# F25 X3 - How to disable TPMS and Enable FTM - Completed



## c3uo (Jul 22, 2006)

Hello,

I have a US Market 2011 X3 (F25) with 2VB Code (TPMS). The RDC Module is bad, and rather than paying to replace it, I would rather recode the vehicle removing TPMS and enabling the the wheel speed sensor flat tire monitor instead (no warranty).

I have been researching this, but haven't coded in ESys in 2 years and want to make sure I don't screw things up. I still have the software from then, but can't recall if my car has been to the dealer for update since then. How do I check my ESys version vs. car software version for compatibility first?

I understand the sequence would be as follows:
a) In FA, remove 2VB and VO Code ICM, CIC, KOMBI, and DSC.
b) disconnect the RDC Module or remove the TPMS fuse (not sure if you have to do this).

Questions:
1) Do I have to put 265 in the FA? - I don't think so for the F25 X3.
2) Do I have to Verify / FDL Code the following - I don't think so as these should default per below when you VO Code the CIC, KOMBI, and DSC.
CIC => RPA_CIC = aktiv
CIC => RDC = nicht_aktiv
CIC => RDC_SAFETY = nicht_aktiv
KOMBI => RDC_ALIVE = nicht_aktiv
KOMBI => MMI_ENA_RPA_RDC = aktiv
KOMBI => RDC_VERBAUT = nicht_aktiv
KOMBI => DSC_MIT_RPA_CC = aktiv
KOMBI => RDC_DISP_SWITCH = nicht_aktiv
DSC => AUSSTATTUNG_RPA = aktiv
3) is FEM_Body applicable to F25 x3?
4) What are the risks of performing this coding? Right now my X3 works fine it just has a TPMS Malfunction at start-up. I have no warranty and would not want to really screw things up.

Thanks for your help!


----------



## c3uo (Jul 22, 2006)

Okay - I think I got it.

I removed 2VB from the FA.

I then VO Coded ICM, KOMBI, HU_CIC, and DSC.

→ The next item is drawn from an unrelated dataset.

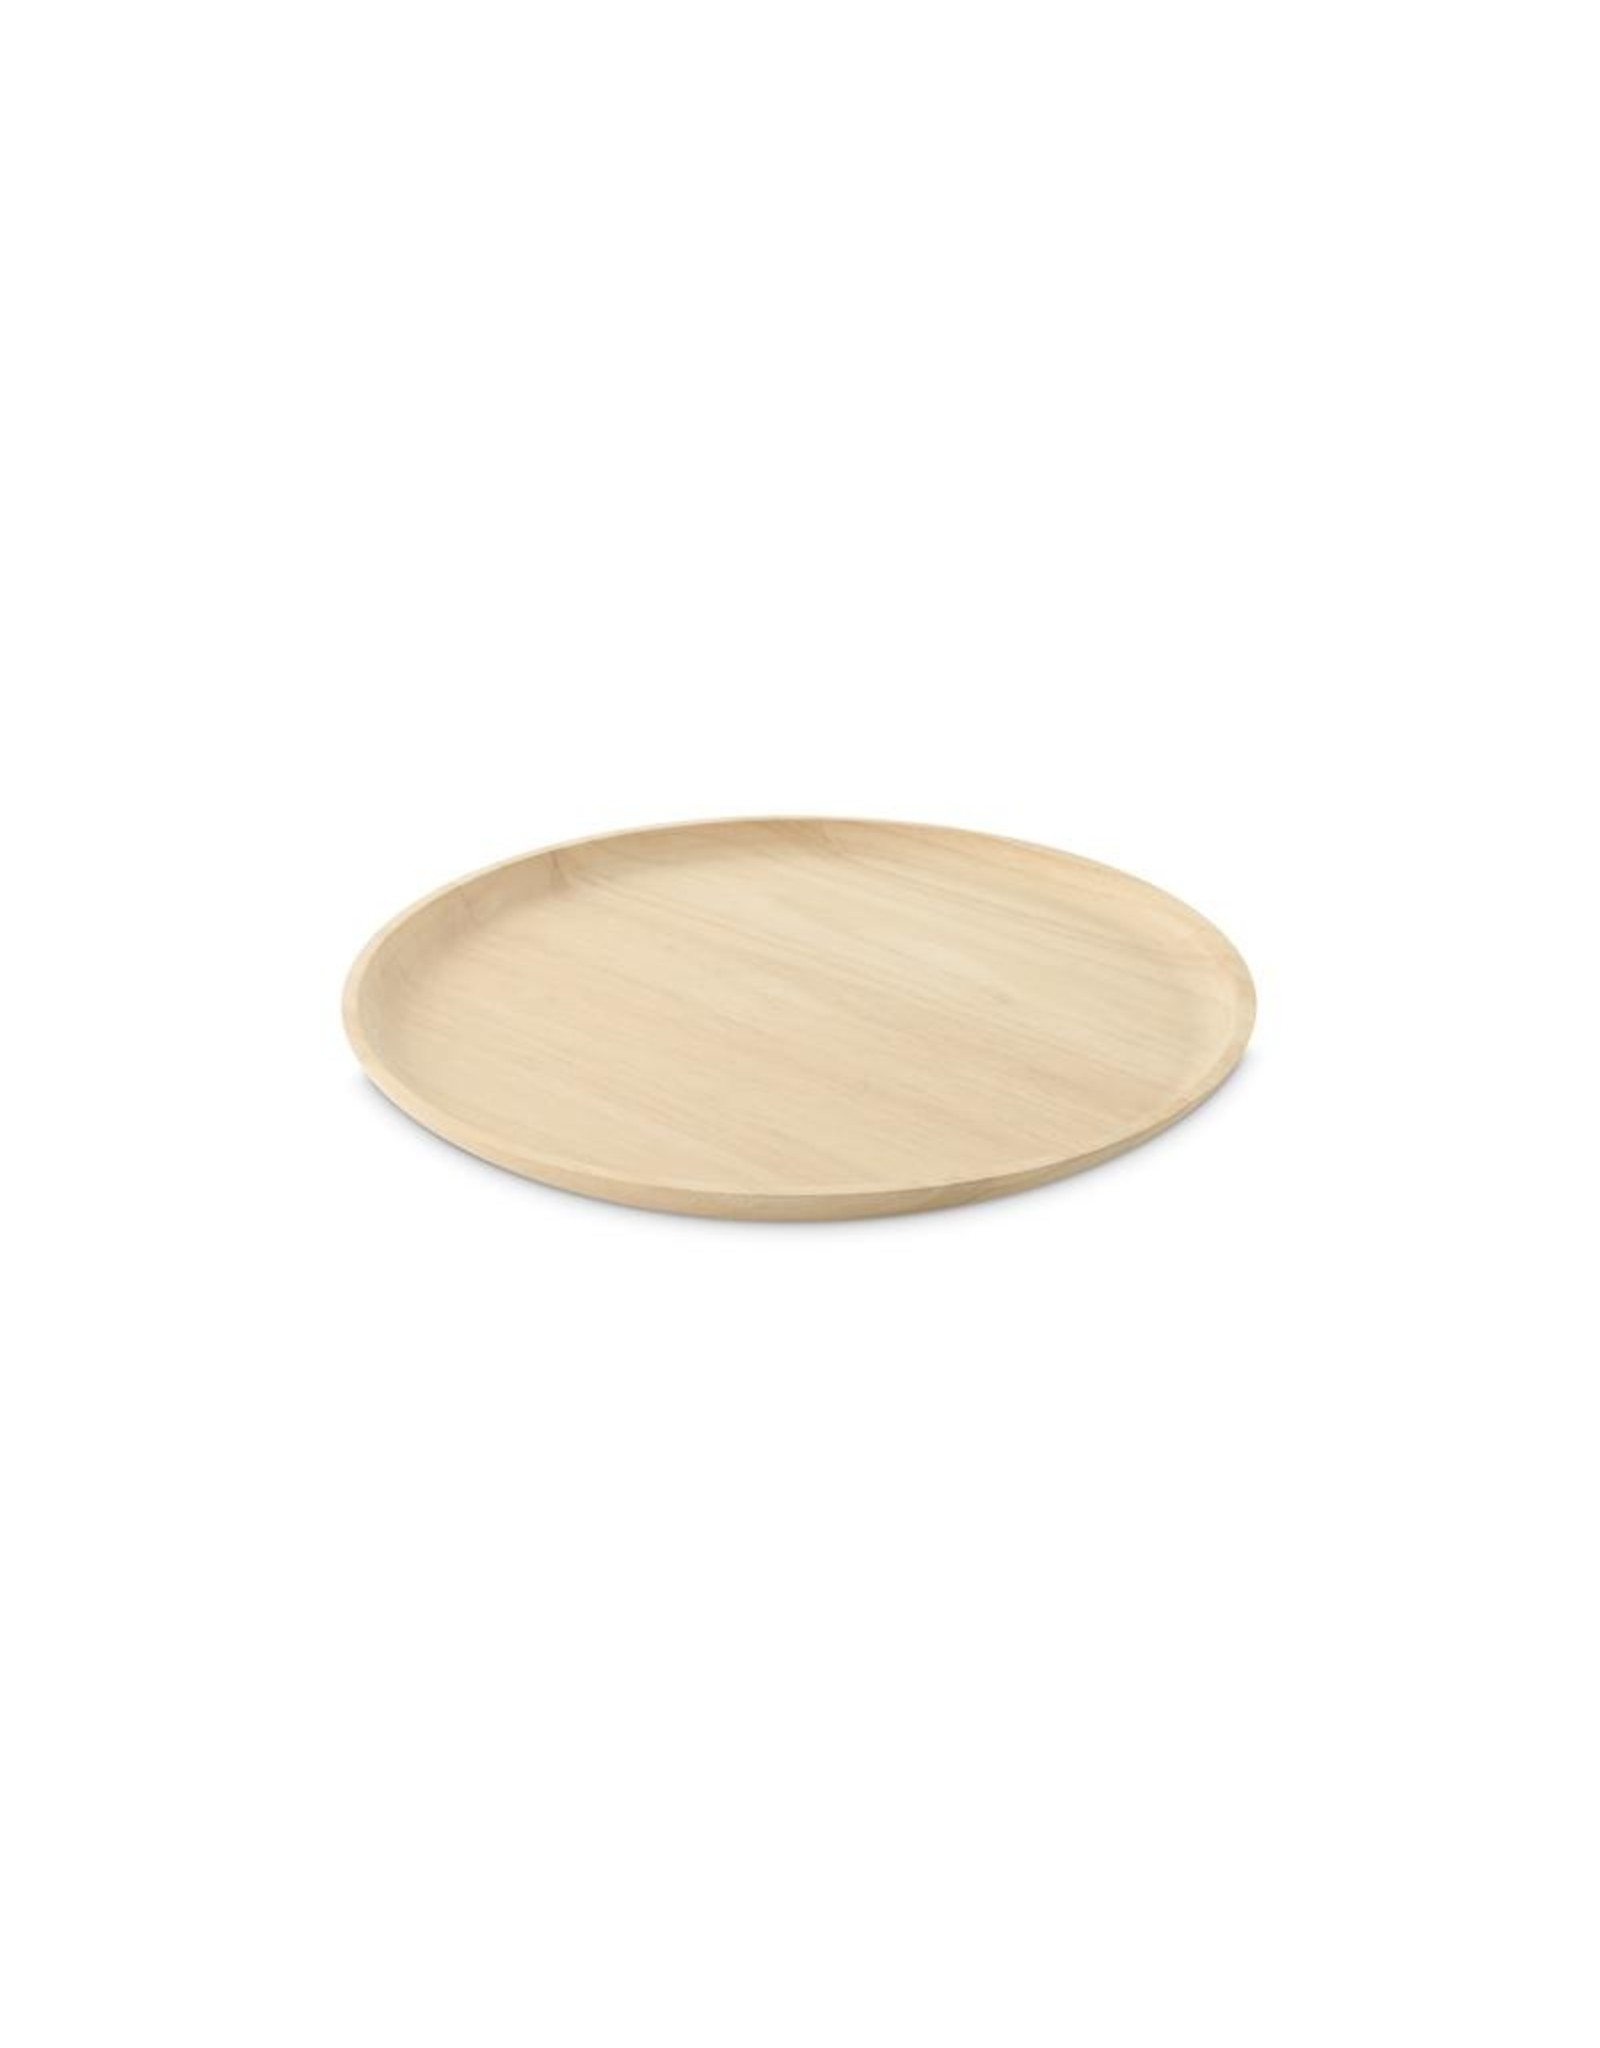 Plateau rubberwood 40cm

All works with no errors. I have Flat Tire Monitor Active.


I did not pull the Fuse or disconnect the RDC Module. Will this lead to having problems later (my RDC Module is bad)? 

THanks!


----------



## c3uo (Jul 22, 2006)

Thought I would post a picture of the FTM screen.

I found out you can't just pull the fuse for TPMS in the X3 as this gave me DMTL errors which were on the same fuse. 

As everything was working fine with no errors I just left the RDC module connected and fuse installed. Hopefully this will not lead to having problems later...... If anyone knows if my faulty RDC module could cause problems in the background please let me know and I will physically disconnect it.


----------



## HTK12 (Aug 15, 2012)

I tried this on 2015 F25 EUR and all the warnings are still there. Anyone got any glue what else should I do?


----------



## mrashton (Apr 30, 2012)

HTK12 said:


> I tried this on 2015 F25 EUR and all the warnings are still there. Anyone got any glue what else should I do?


Isn't your car still under warranty being a 2015 model so BMW can just fix any issues and leave with working TPMS sensing?


----------



## mrashton (Apr 30, 2012)

c3uo said:


> Thought I would post a picture of the FTM screen.
> 
> I found out you can't just pull the fuse for TPMS in the X3 as this gave me DMTL errors which were on the same fuse.
> 
> As everything was working fine with no errors I just left the RDC module connected and fuse installed. Hopefully this will not lead to having problems later...... If anyone knows if my faulty RDC module could cause problems in the background please let me know and I will physically disconnect it.


Have you decreased the air pressure in one of your tyres in a controlled environment to see whether your change back to basic tyre monitoring is actually working? I'd hate for you to have made this change expecting to be given forewarning of a deflating tyre and it not actually work. Could put you in a dangerous position if that was the case.


----------



## HTK12 (Aug 15, 2012)

mrashton said:


> Isn't your car still under warranty being a 2015 model so BMW can just fix any issues and leave with working TPMS sensing?


It's just out of warranty and the owner doesn't want to buy another set of TPMS for the second set of wheels. Currently installed set doesn't have TPMS, they are aftermarket wheels.


----------